Data items
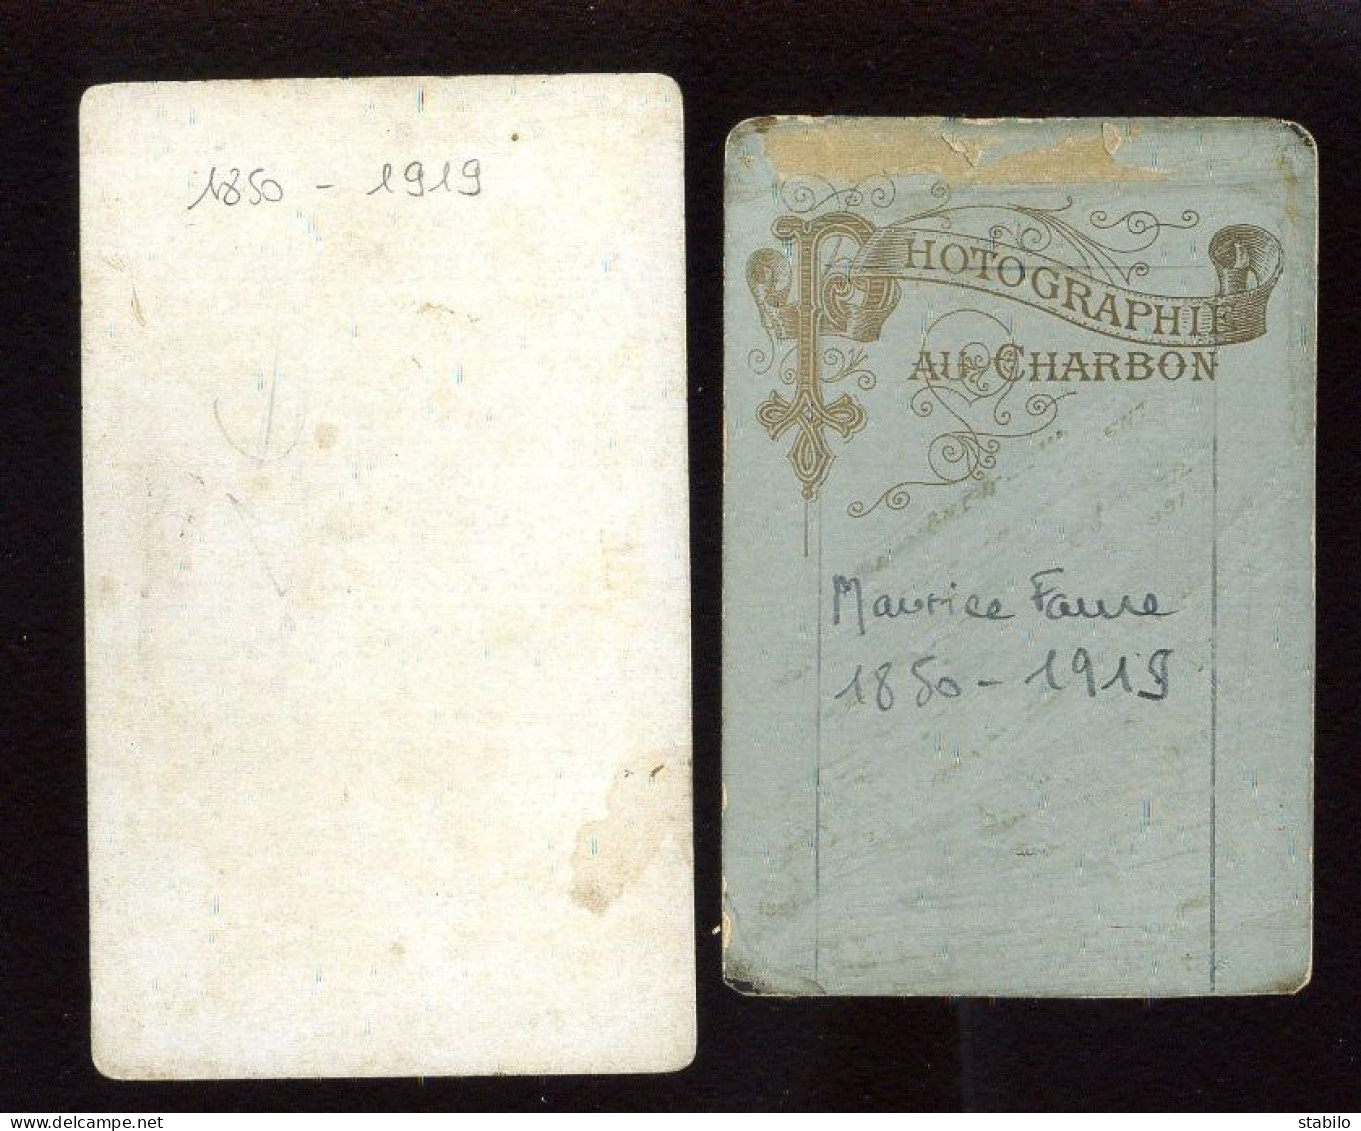 MAURICE-LOUIS FAURE (1850-1919) - HOMME POLITIQUE, MAJORAL DU FELIBRIGE (VOIR DESCRIPTION) - 2 PHOTOS FORMAT CDV - Identified Persons
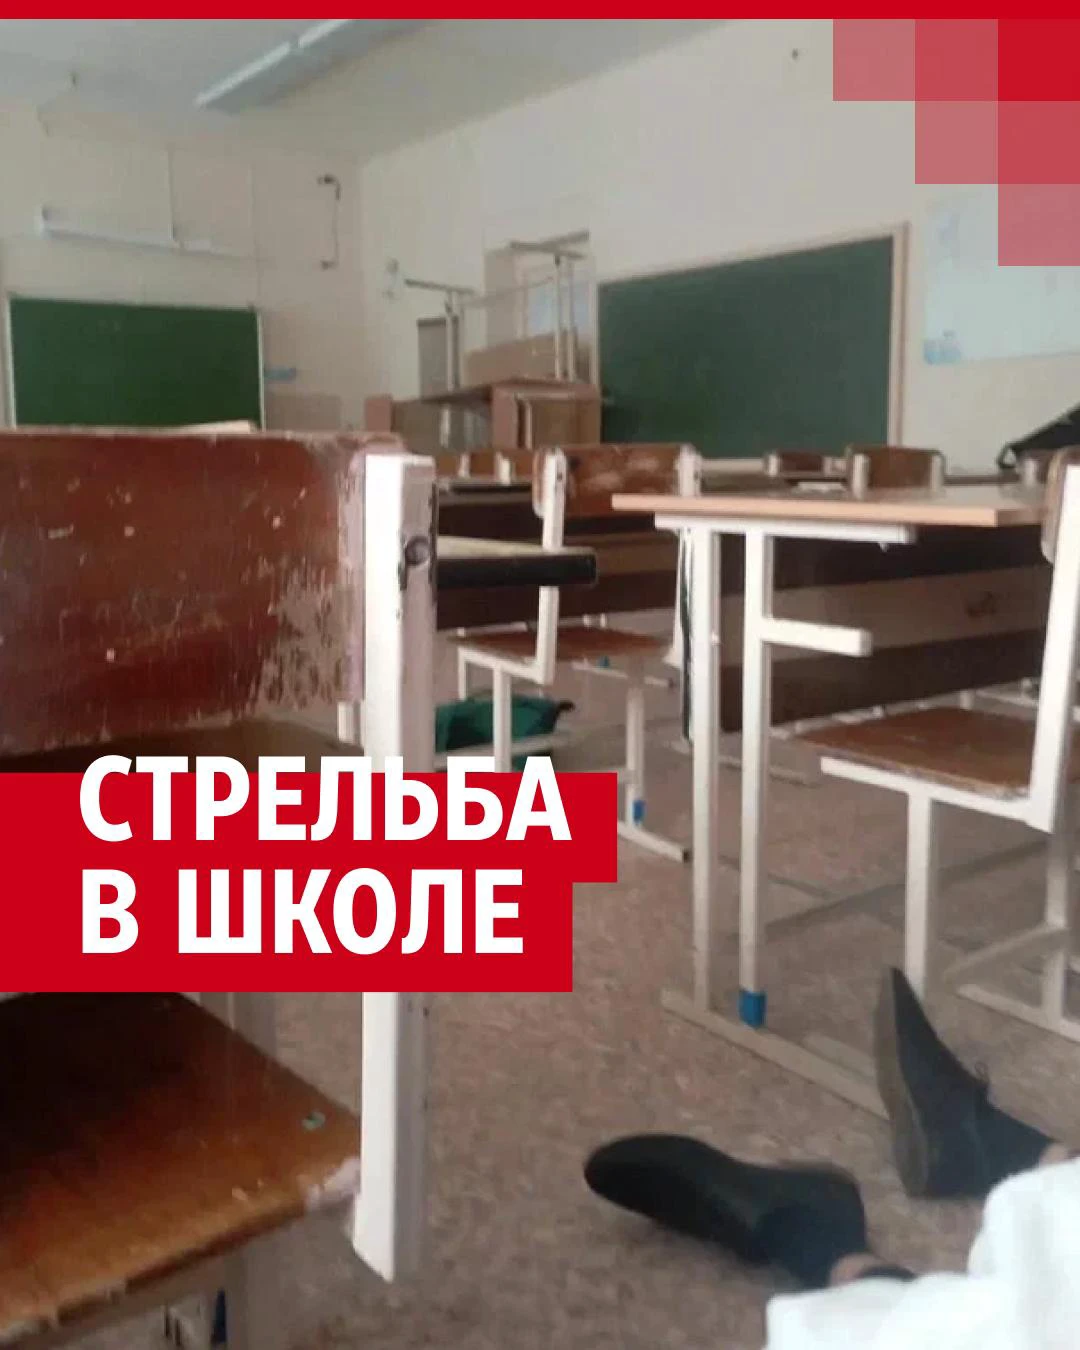 В ижевской школе мужчина устроил стрельбу и убил 15 человек 26 сентября  2022 г. - 26 сентября 2022 - 59.ru
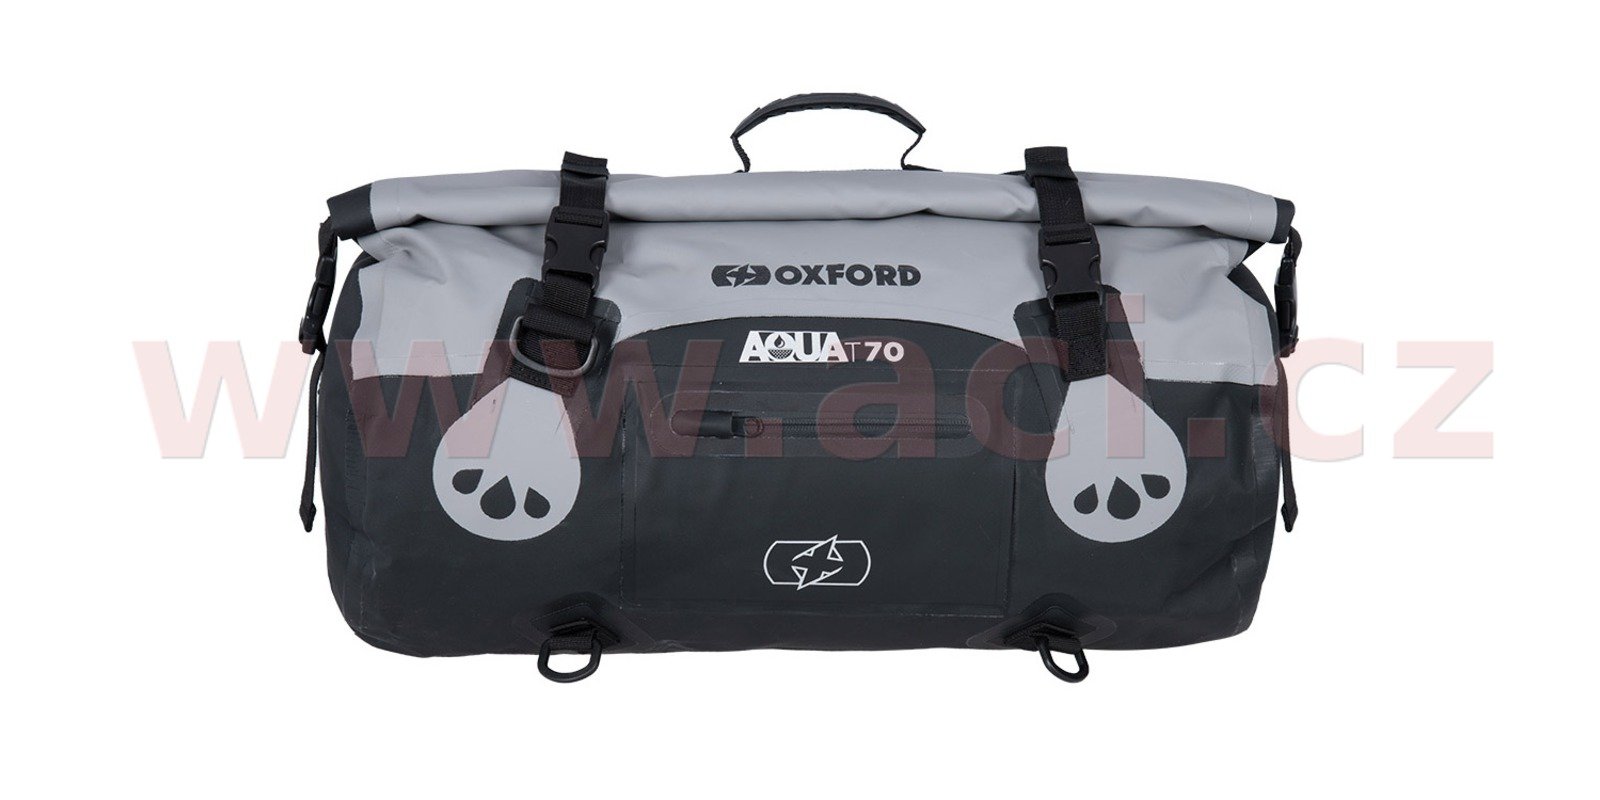 Obrázek produktu OXFORD Aqua T-70 Roll Bag Grey/Black 70L OL483
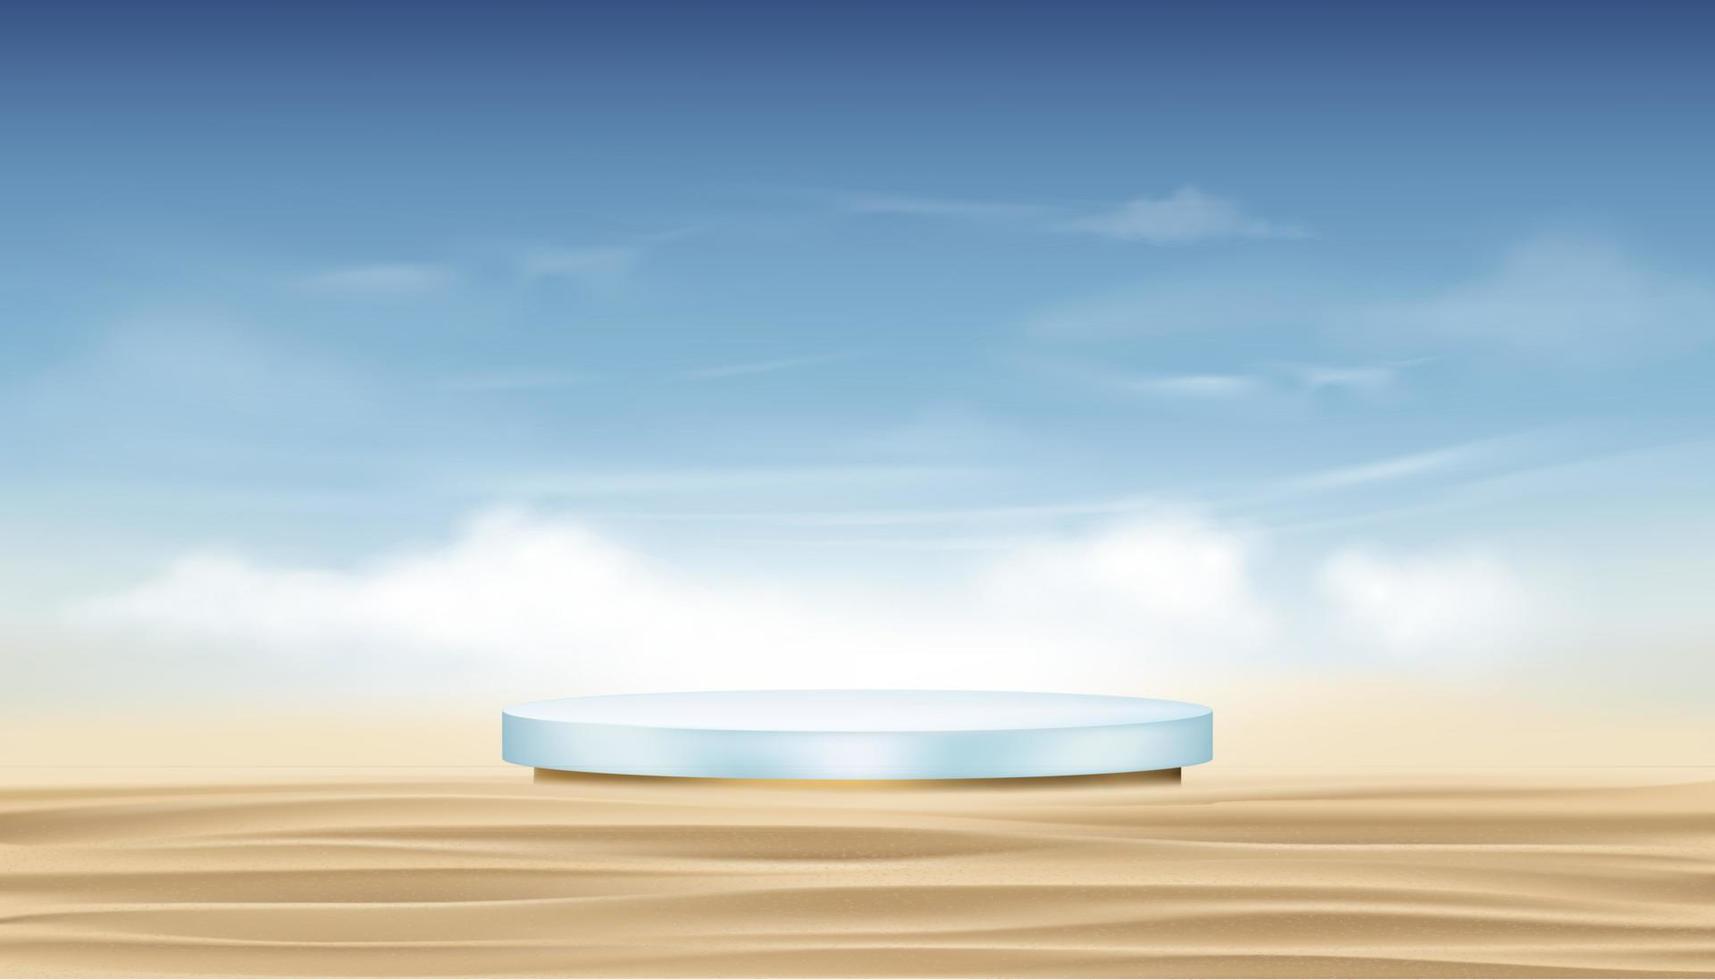 bakgrund podium cylinder stativ på sandstrand, fluffigt moln och blus himmel bakgrund, vektor 3d banner havsstrand, scen piedestal för produktpresentation kosmetika eller spa på sommarkampanj
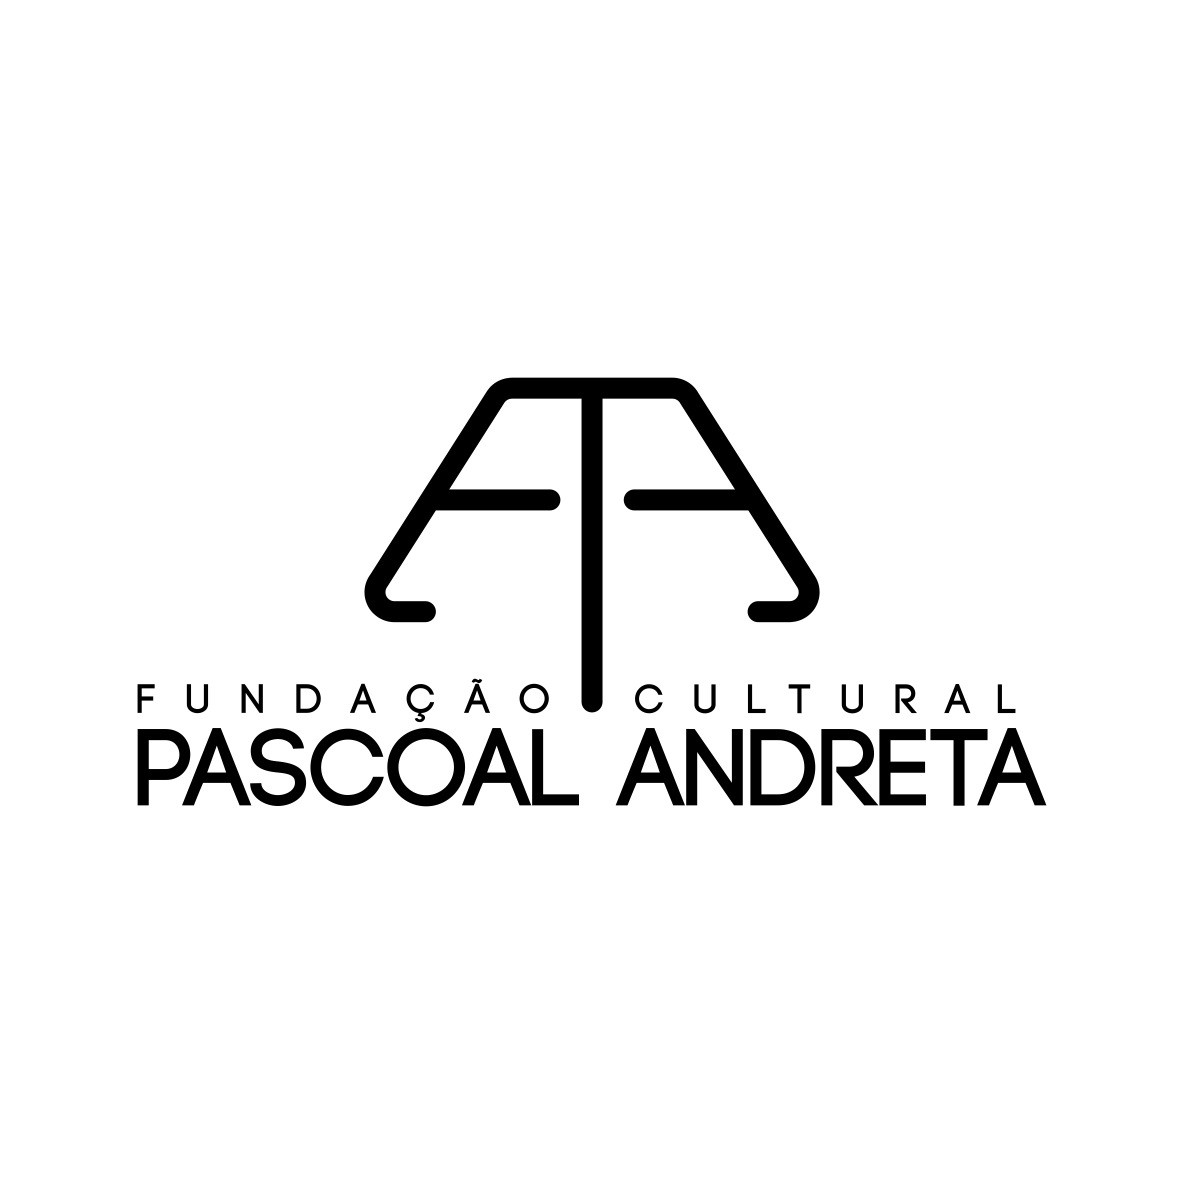 Fundação Cultural Pascoal Andreta

Action item » Exact copy, pictures excluded: print only the lines from the line containing "bakgrund podium cylinder" through the end of the records.

Result for this task »
 bakgrund podium cylinder stativ på sandstrand, fluffigt moln och blus himmel bakgrund, vektor 3d banner havsstrand, scen piedestal för produktpresentation kosmetika eller spa på sommarkampanj
 Fundação Cultural Pascoal Andreta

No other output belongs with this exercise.